I am ashamed to receive so many thanks for having done so little for a man who came recommended to me by you. I had so little opportunity to show the civility I would have done to Mr. Burridge, that I should not know how to excuse it to you, or him, were not he himself a witness of the perpetual hurry I was in, all the time I was then in town. I doubt not at all of his performance in the translation of my book he has undertaken. He has understanding, and Latin, much beyond those who usually meddle with such works. And I am so well satisfied, both of his ability and your care, that the sending me a specimen I shall look on as more[377] than needs. As to a “treatise of morals,” I must own to you that you are not the only persons (you and Mr. Burridge, I mean) who have been for putting me upon it; neither have I wholly laid by the thoughts of it. Nay, I so far incline to comply with your desires, that I, every now and then, lay by some materials for it, as they occasionally occur, in the rovings of my mind. But when I consider, that a book of offices, as you call it, ought not to be slightly done, especially by me, after what I have said of that science in my essay; and that “nonumque prematur in annum,” is a rule more necessary to be observed in a subject of that consequence, than in any thing Horace speaks of; I am in doubt, whether it would be prudent, in one of my age and health, not to mention other disabilities in me, to set about it. Did the world want a rule, I confess there could be no work so necessary, nor so commendable. But the gospel contains so perfect a body of ethics, that reason may be excused from that inquiry, since she may find man’s duty clearer and easier in revelation, than in herself. Think not this the excuse of a lazy man, though it be, perhaps, of one who, having a sufficient rule for his actions, is content therewith, and thinks he may, perhaps, with more profit to himself, employ the little time and strength he has, in other researches, wherein he finds himself more in the dark.
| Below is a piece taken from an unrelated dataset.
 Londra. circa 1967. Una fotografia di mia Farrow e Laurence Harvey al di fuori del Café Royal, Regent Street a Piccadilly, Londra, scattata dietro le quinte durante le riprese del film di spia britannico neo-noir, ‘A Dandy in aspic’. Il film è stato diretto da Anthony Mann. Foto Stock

You put too great a value on my writings, by the design you own on Mr. Burridge, in reference to them. I am not to flatter myself, that, because they had the good luck to pass pretty well here, amongst English readers, that therefore they will satisfy the learned world, and be fit to appear in the learned language. Mr. Wynne’s abstract of my essay is now published, and I have sent order to Mr. Churchill to send you one of them. Thus far in answer to yours of the 14th of March. I come now to that of the 24th of December.
My lord deputy and you did too great honour to the paper I sent you, and to me, upon that account. I know too well the deficiency of my style, to think it deserves the commendations you give it. That which makes my writings tolerable, if any thing, is only this,[378] that I never write for any thing but truth, and never publish any thing to others, which I am not fully persuaded of myself, and do not think that I understand. So that I never have need of false colours to set off the weak parts of an hypothesis, or of obscure expressions, or the assistance of artificial jargon, to cover an errour of my system, or party. Where I am ignorant (for what is our knowledge?) I own it. And though I am not proud of my errours; yet I am always ready and glad to be convinced of any of them. I think there wants nothing, but such a preference of truth to party-interest and vain-glory, to make any body out-do me, in what you seem so much to admire.
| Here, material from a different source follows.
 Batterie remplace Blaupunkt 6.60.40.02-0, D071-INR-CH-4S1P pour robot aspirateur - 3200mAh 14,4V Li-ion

Though sir Walter Yonge be an intimate friend of mine, yet I can assure you, I know nothing of those three prints he franked you, and so have no title to any part of your thanks.
I see by Mr. S.’s answer to that which was originally your question, how hard it is for even ingenious men to free themselves from the anticipations of sense. The first step towards knowledge is to have clear and distinct ideas; which I have just reason, every day more and more, to think few men ever have, or think themselves to want; which is one great cause of that infinite jargon and nonsense which so pesters the world. You have a good subject to work on; and therefore, pray let this be your chief care, to fill your son’s head with clear and distinct ideas, and teach him on all occasions, both by practice and rule, how to get them, and the necessity of it. This, together with a mind active and set upon the attaining of reputation and truth, is the true principling of a young man. But to give him a reverence for our opinions, because we taught them, is not to make knowing men, but prattling parrots. I beg your pardon for this liberty; it is an expression of good-will, and not the less so, because not within the precise forms of good-breeding. I am,
Dear Sir,
Your most affectionate, humble servant,
John Locke.
[379]Will. Molyneux
June 6, 1696
Dublin
Locke
Mr. Molyneux to Mr. Locke.Honoured Sir,
Dublin
, June 6, 1696
.
IT is a melancholy thought to me, that since I have had the happiness of your correspondence, there has hardly happened a year, when both you and I have not made it an apology for our long silence, that we have been indisposed in our health; yet it has pleased God, that so it has been, and so it is on my side at present. About four years and a half ago I was first seized by a violent colic, which then so weakened me, that, to this time, I lie so far under the effects thereof, as upon any cold to be very apt to relapse into the same. And so it has been with me, for a while past; but now, God be thanked, I am again well recovered. I had not otherwise so long deferred my answer to yours of March the 30th, which, after a long silence, brought me the assurance of your health, and therewith no small satisfaction; having, before that, entertained some painful thoughts of your indisposition, from some rumours I had heard. But, I find, heaven is not yet so angry with us, as to take you from amongst us.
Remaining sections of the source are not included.